**Records for this exercise**
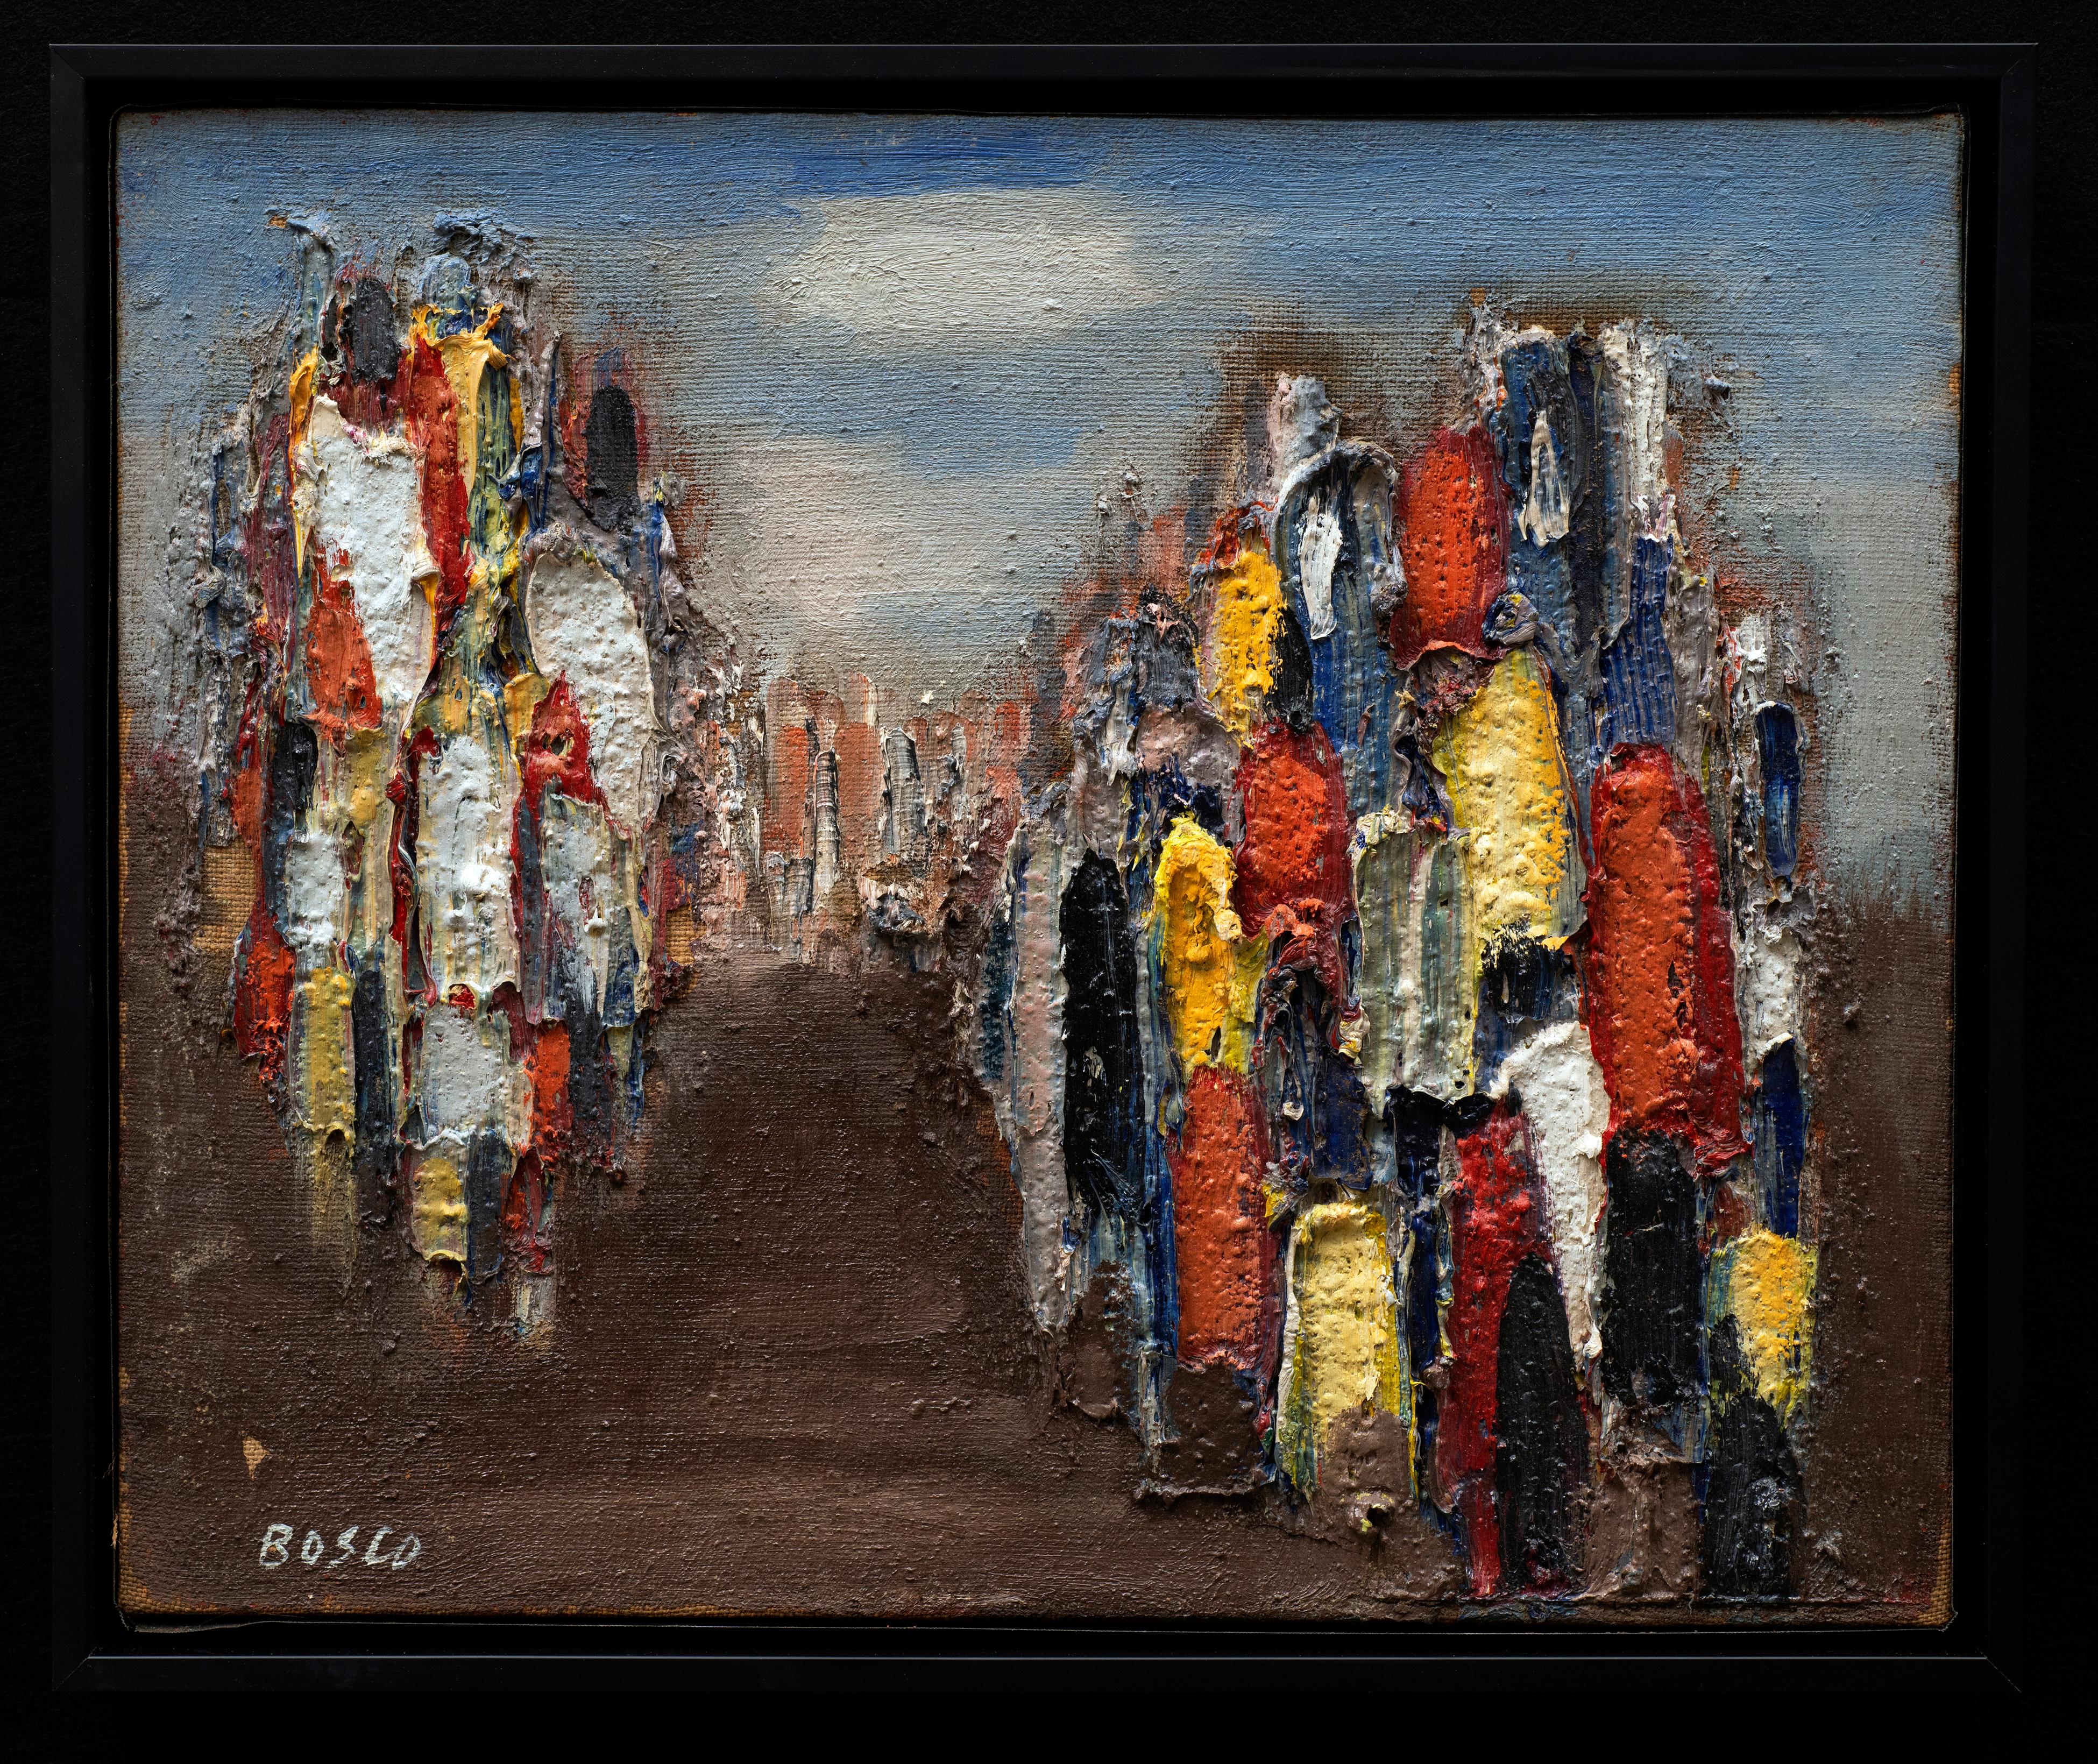 Mid-Century "Les Emigrants" #34
Pierre Bosco (Italie/France, 1909-1993)
Huile sur toile
19 1/2 x 16 1/4 pouces, taille du cadre

" L'art sauvage de Bosco porte sa rudesse et son mystère. C'est un art d'expression pure qui n'est pas fait pour plaire,

**Instructions for the task**
Look through the listing above and copy each line with the word "Bosco" in it.

**Output of the task**
Pierre Bosco (Italie/France, 1909-1993)
" L'art sauvage de Bosco porte sa rudesse et son mystère. C'est un art d'expression pure qui n'est pas fait pour plaire,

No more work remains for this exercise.